The Opposite of Schadenfreude
OLPCNews has been ripe with the continuing disintegration of OLPC, from Mary Lou Jepsen who got out just in time, then with Ivan's departure due to differences, and now as the search for a new CEO goes on so that Negroponte can "step aside", now Walter Bender, Mr. Constructivism himself, has resigned.
If this exodus due to internal politics, problems with technology purchasing (XP or Sugar? All F/LOSS or not?) sounds familiar, it is:
Naturally, it failed. Nothing is that independent, especially an organization … staffed by highly individualistic industry visionaries from around the world. Besides, altruism has a credibility problem in an industry that thrives on intense commercial competition.
By the end of the Center's first year, Papert had quit, so had American experts Nicholas Negroponte and Bob Lawler. It had become a battlefield, scarred by clashes of management style, personality, and political conviction. It never really recovered.
That quote is from 1983, discussing Negroponte's original Computers-for-education pilot with Apple II computers in Senegal. The more recent news on the OLPC organization is:
But in March, after OLPC’s initial run of its $188 laptops reached fewer children than originally envisioned, Bender became head of “deployment.”
Officially, OLPC said it was streamlining its organization because the laptop's technology essentially had been built. A different view came from the XO's former top security architect, Ivan Krstić, who wrote on his blog that Bender got demoted. Krstic said OLPC was undergoing a "drastic internal restructuring" and "a radical change in its goals and vision."

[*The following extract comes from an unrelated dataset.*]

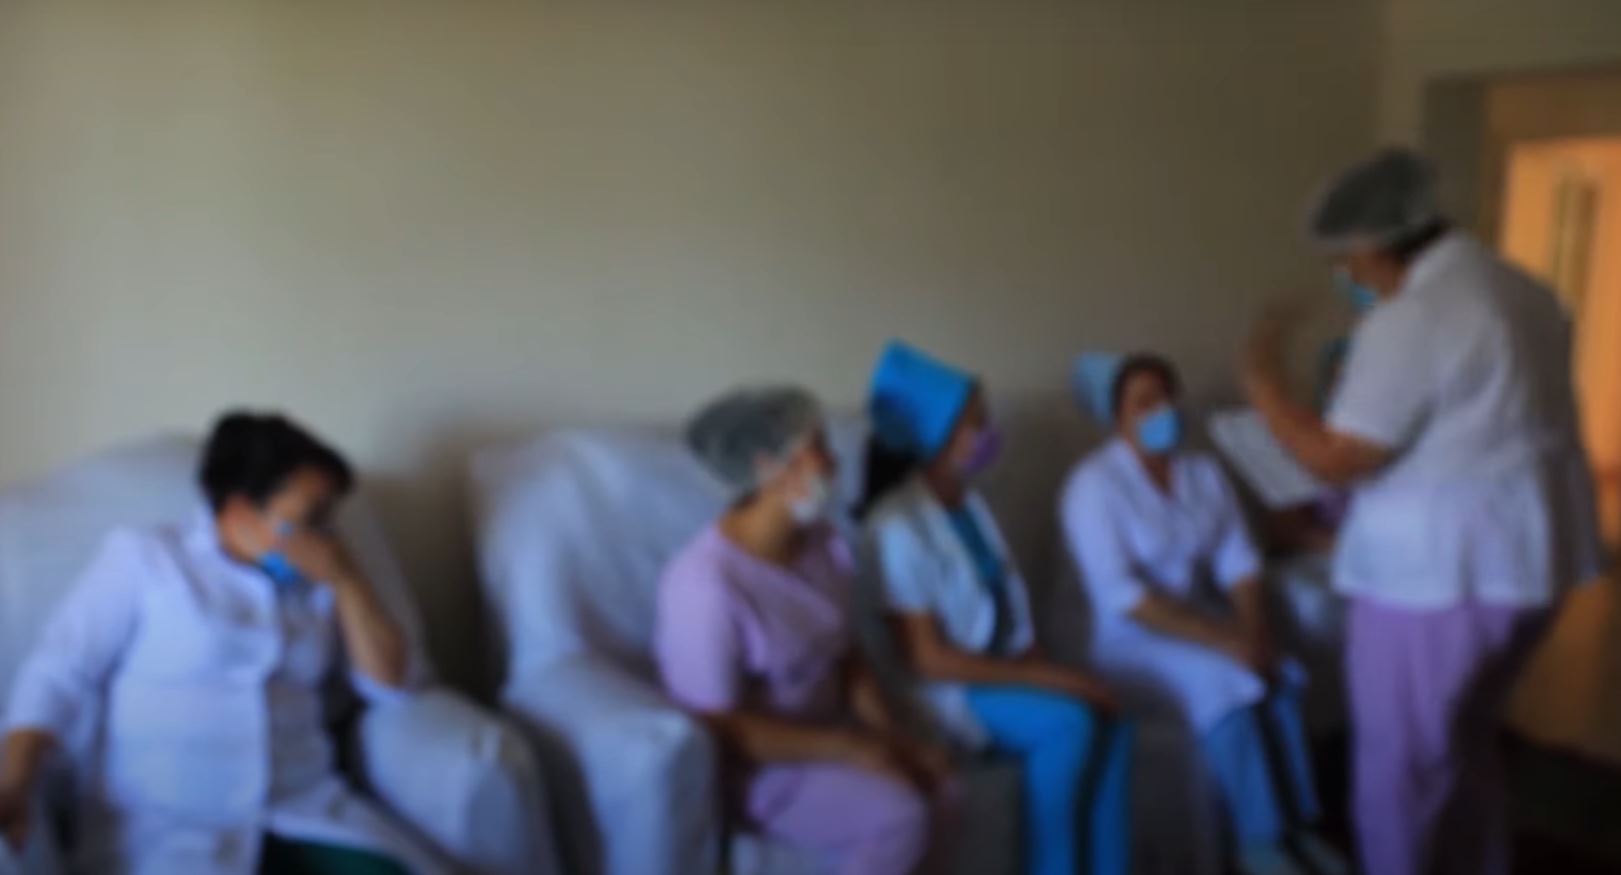 В Джизакской области старшая медсестра оформила кредит на сотрудников больницы более чем на 695 млн сумов

Then last week, Bender left the group entirely. That marked a third high-profile departure from OLPC. In addition to Krstić, Mary Lou Jepsen, who had been chief technology officer, left in December.
With Senegal, not much was left once the project fell apart. Let's hope that OLPC has a more lasting legacy with its innovations in 4PC technology and open, educational software -- and maybe an educational computing program will survive as well, but after the fractiousness revealed in the recent email thread, it seems more likely to be survived by various independent projects.